Single by Kings of Leon

from the album Because of the Times
- B-side: "Woo Hoo"
- Released: July 9, 2007
- Genre: Southern rock
- Length: 3:36
- Label: Columbia
- Songwriters: Kings of Leon (Caleb Followill, Matthew Followill. Jared Followill, Nathan Followill)
- Producers: Ethan Johns Angelo Petraglia

Kings of Leon singles chronology
| "On Call" (2007) | "Fans" (2007) | "Charmer" (2007) |

= Fans (song) =

"Fans" is a song by American rock band Kings of Leon. It is the second single released from their 2007 album, Because of the Times, and the ninth track on the album. Lyrically, the song pays homage to the band's fans in the UK, where the band have traditionally enjoyed more success than in their homeland: "All of London sing / 'Cos England swings and they sure love the tales I bring".

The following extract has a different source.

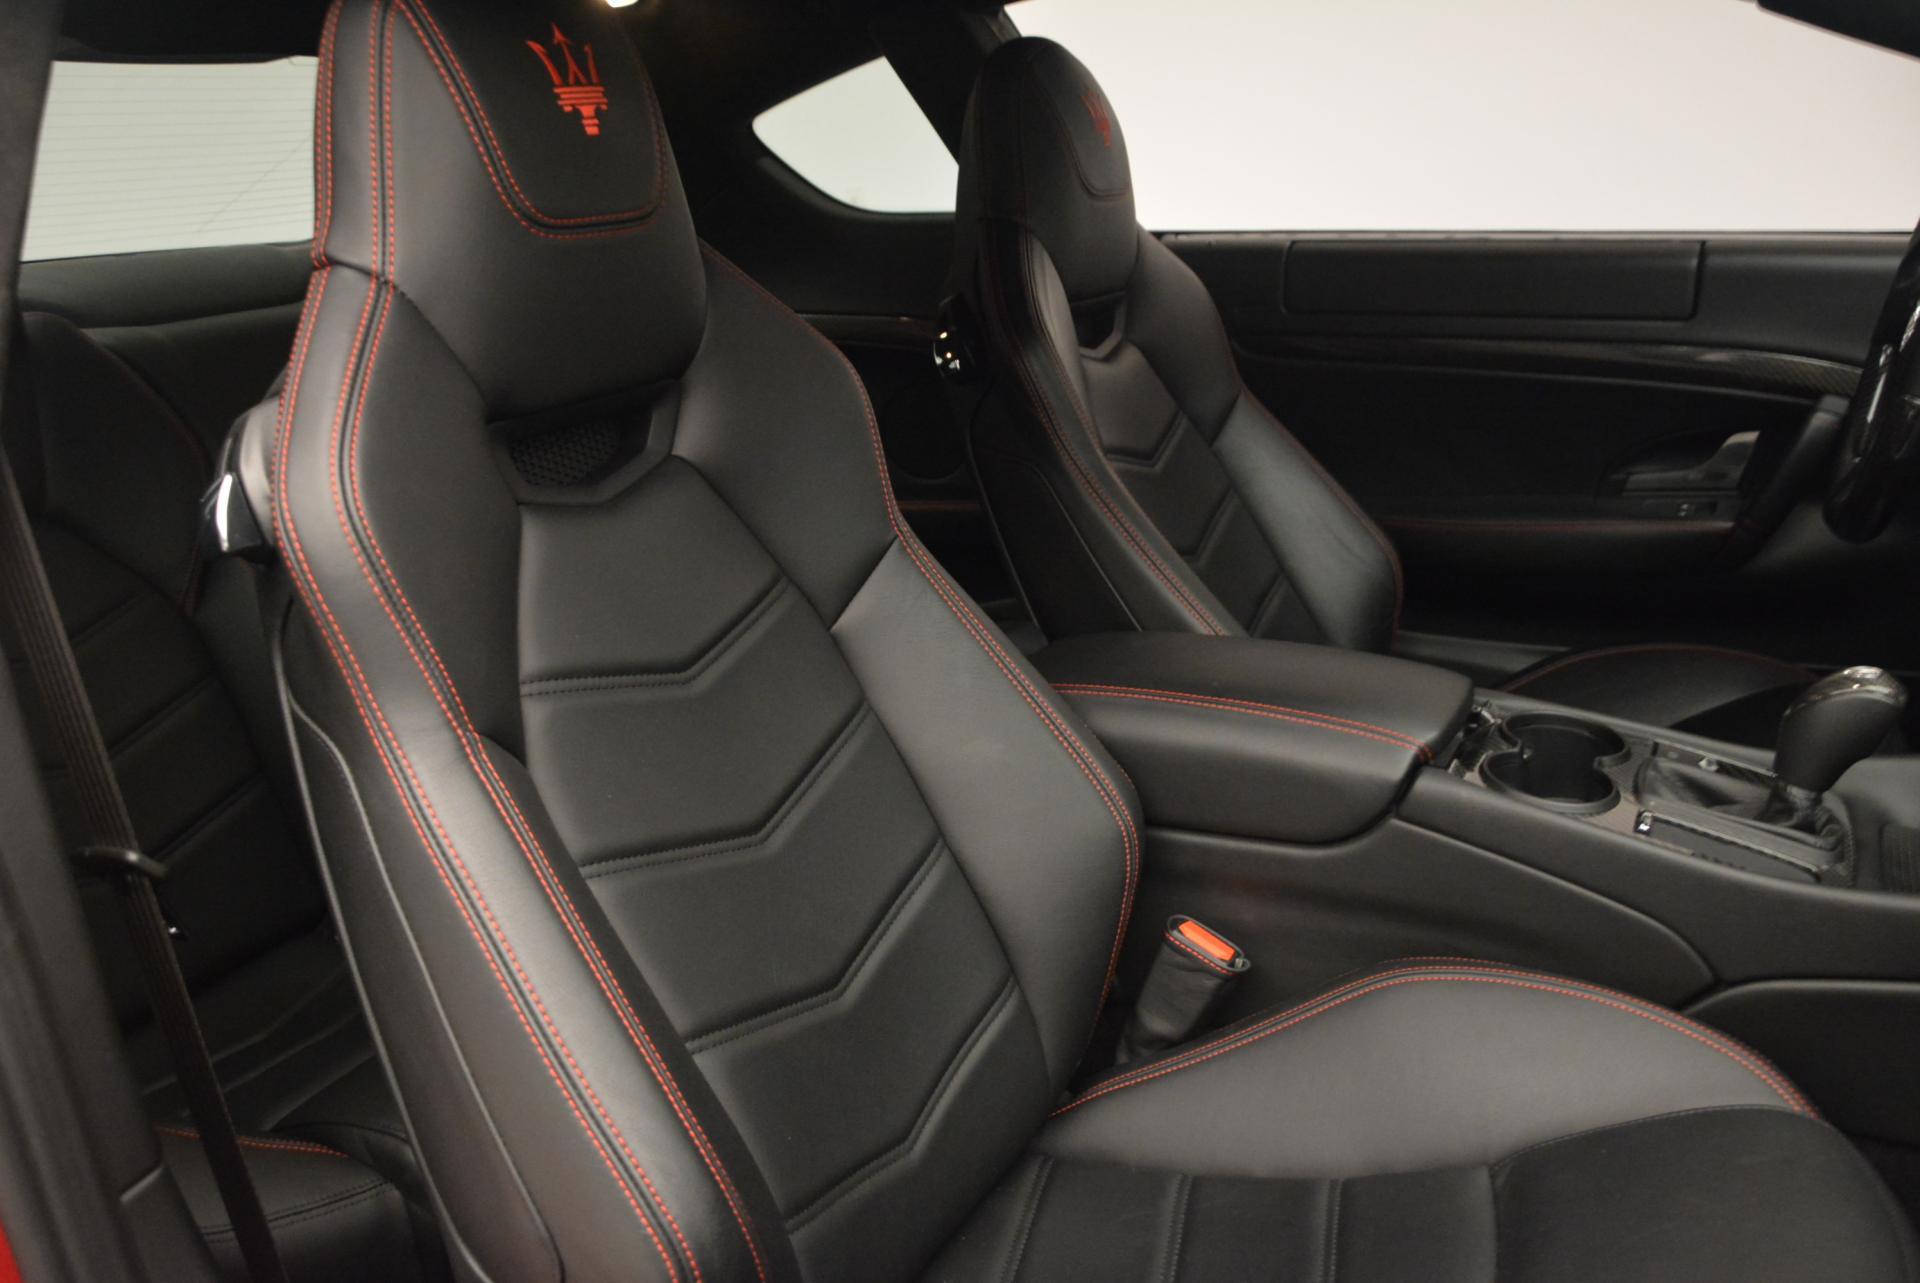 Used 2014 Maserati GranTurismo MC For Sale In Westport, CT 525_p22

Musically, the song features a combination of both electric and acoustic guitars, with a pounding bass line reminiscent of that of the Styx song "I'm O.K." The song was released as a single on July 9, 2007. It was the band's highest-charting single at the time, reaching number 13 on the UK Singles Chart ("Sex on Fire" would reach the number one position in September 2008). The single peaked at number 13 on the Irish Singles Chart.

==Track listing==
CD / 7" vinyl:
1. "Fans" – 3:36
2. "Woo Hoo" – 3:31

==Charts==
===Weekly charts===

| Chart (2007–2008) | Peak position |
|---|---|
| Belgium (Ultratip Bubbling Under Flanders) | 13 |
| Ireland (IRMA) | 13 |
| New Zealand (Recorded Music NZ) | 23 |
| UK Singles (Official Charts Company) | 13 |

===Year-end charts===

| Chart (2007) | Position |
|---|---|
| UK Singles (Official Charts Company) | 196 |

==Certifications==

| Region | Certification | Certified units/sales |
| United Kingdom (BPI) | Gold | 400,000^{‡} |
^{‡} Sales+streaming figures based on certification alone.